§ **DATA SEGMENT**

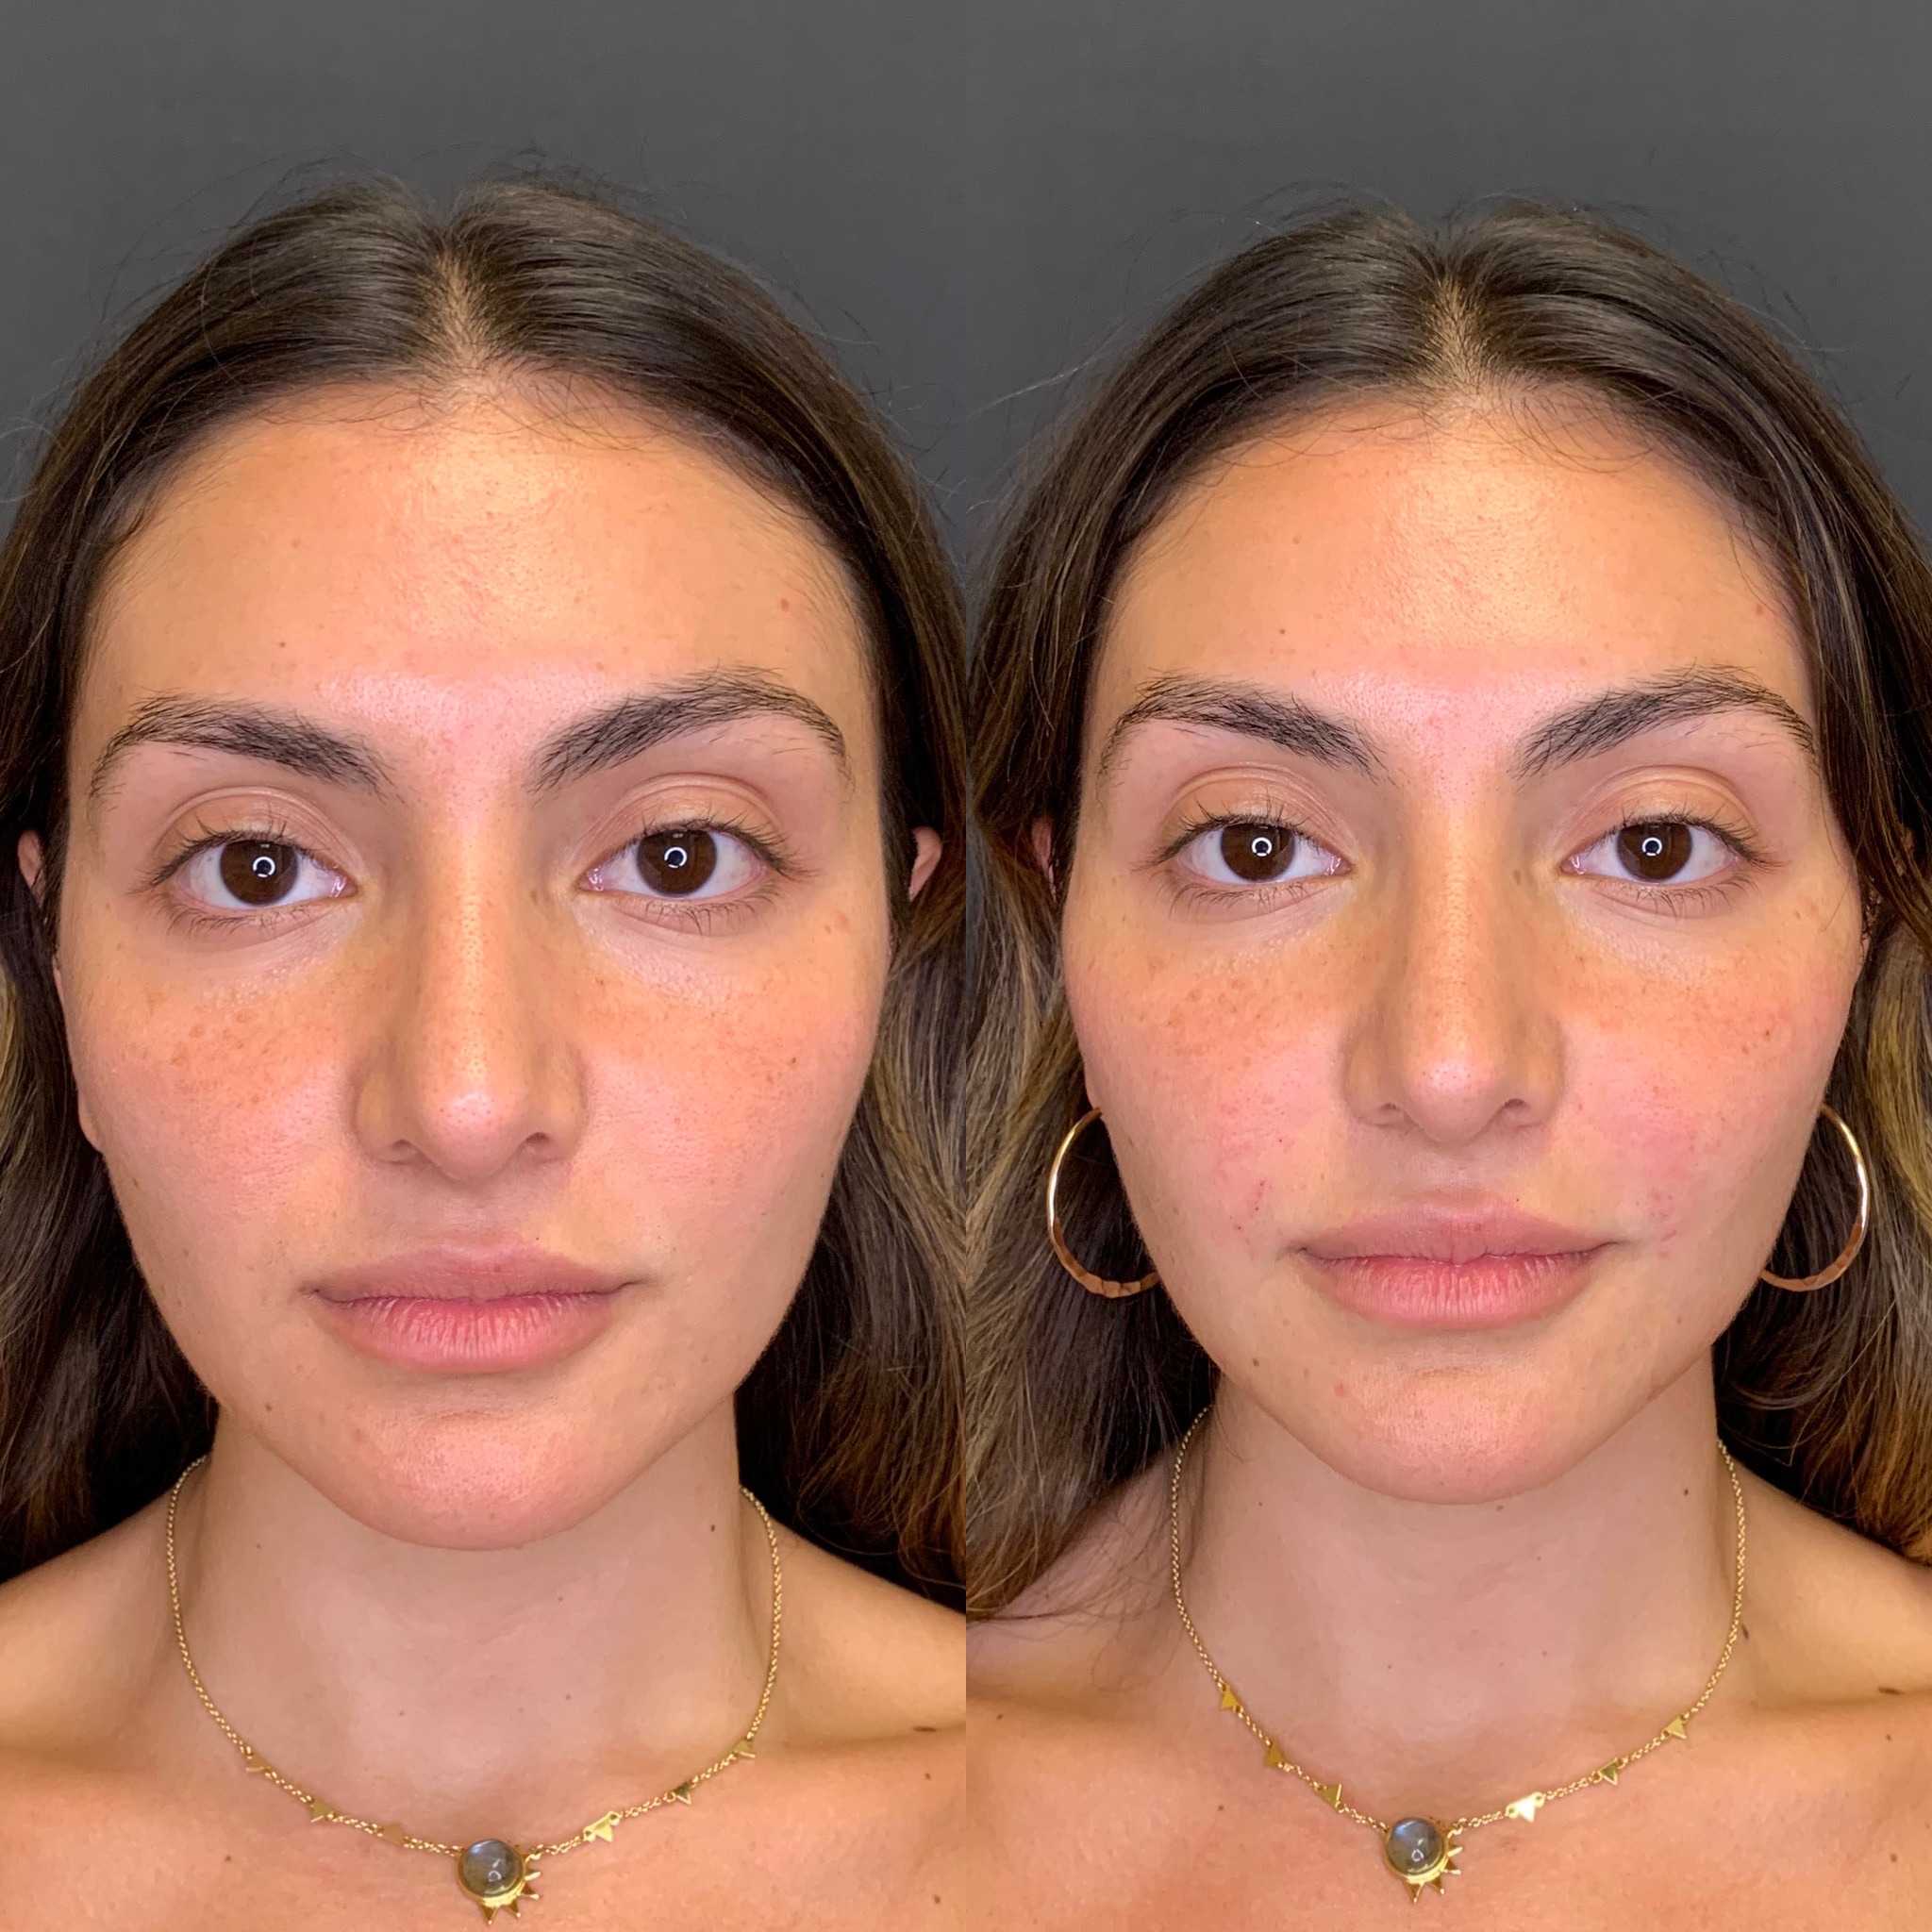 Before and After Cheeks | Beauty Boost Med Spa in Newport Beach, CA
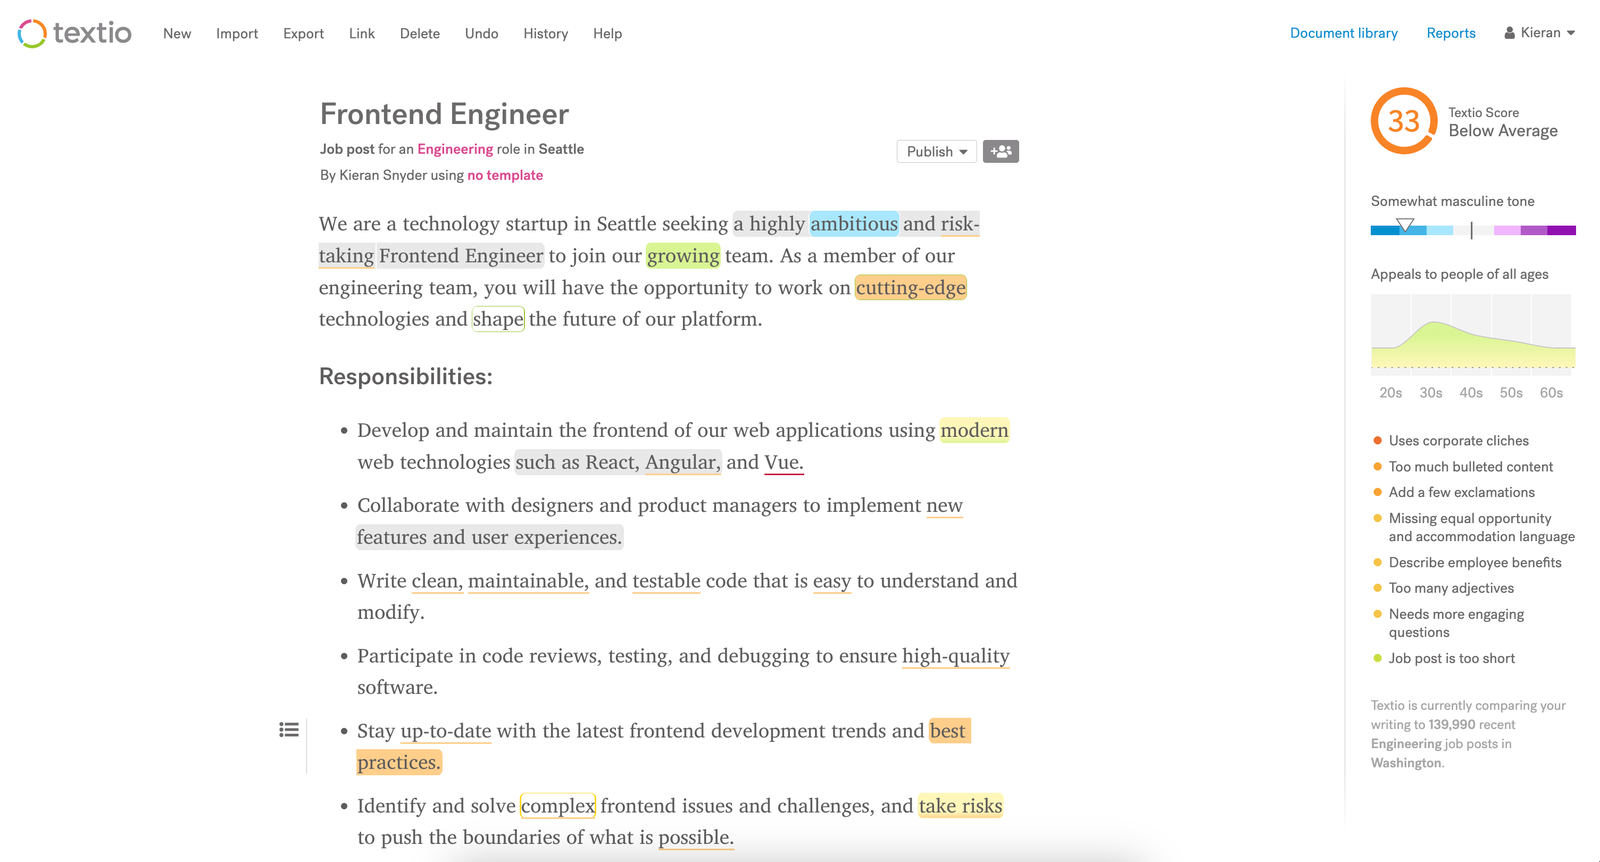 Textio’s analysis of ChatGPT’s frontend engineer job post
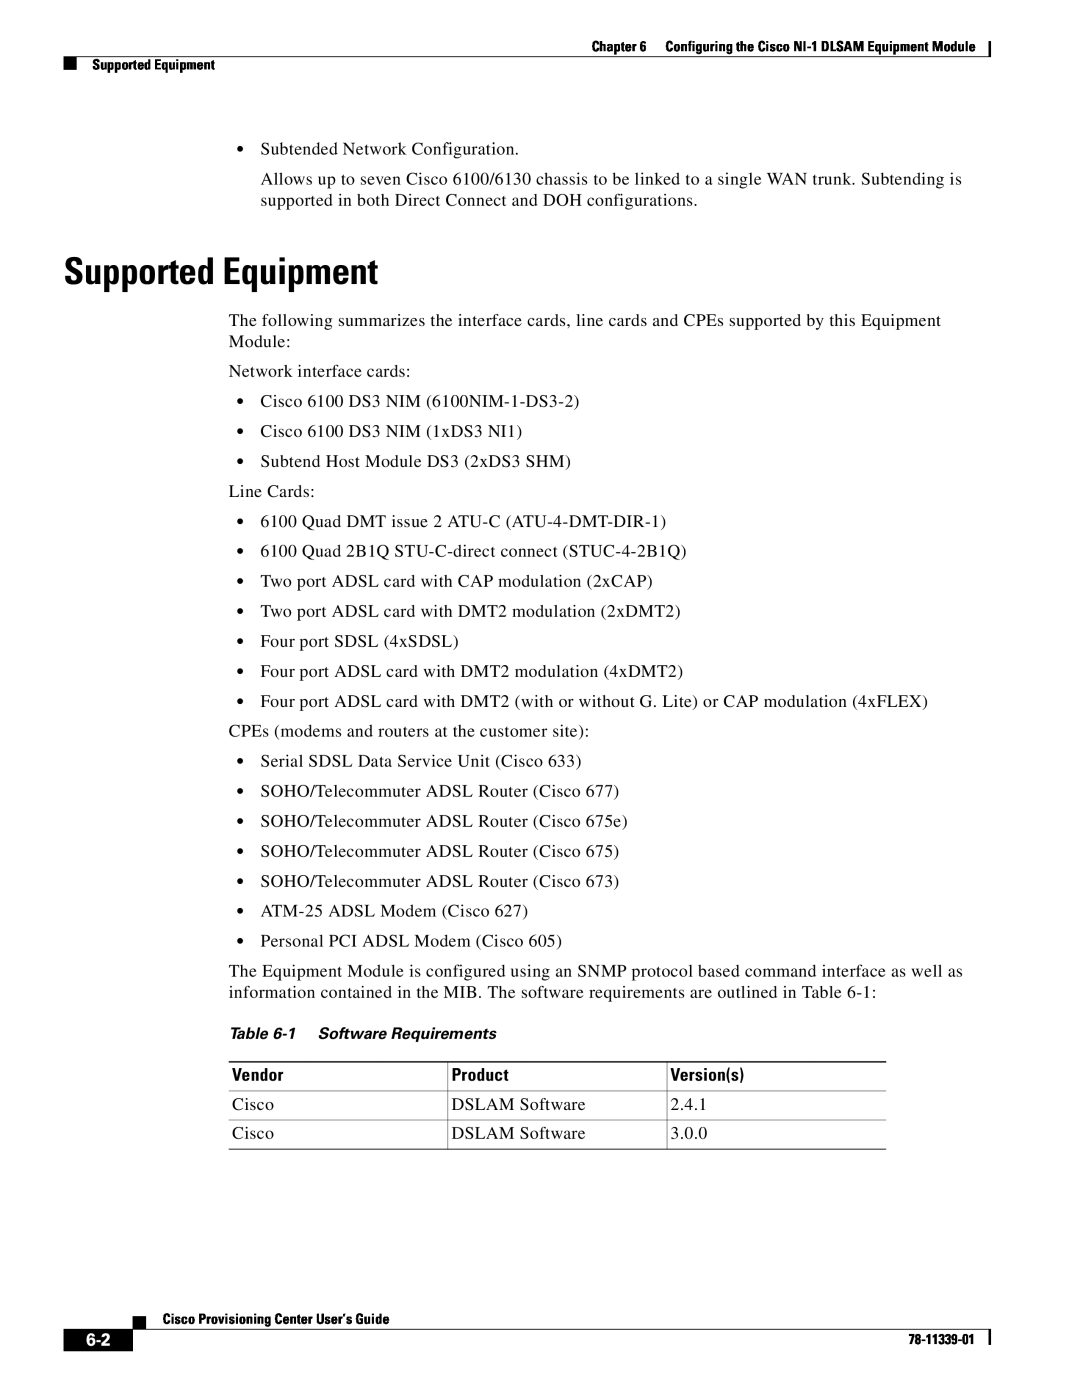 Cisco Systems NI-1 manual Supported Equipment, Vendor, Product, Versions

§ **DESCRIPTION OF THE TASK**
Word for word, copy every line of the data, excluding any pictures.

§ **EXERCISE ANSWER**
 Before and After Cheeks | Beauty Boost Med Spa in Newport Beach, CA
 Textio’s analysis of ChatGPT’s frontend engineer job post
 Cisco Systems NI-1 manual Supported Equipment, Vendor, Product, Versions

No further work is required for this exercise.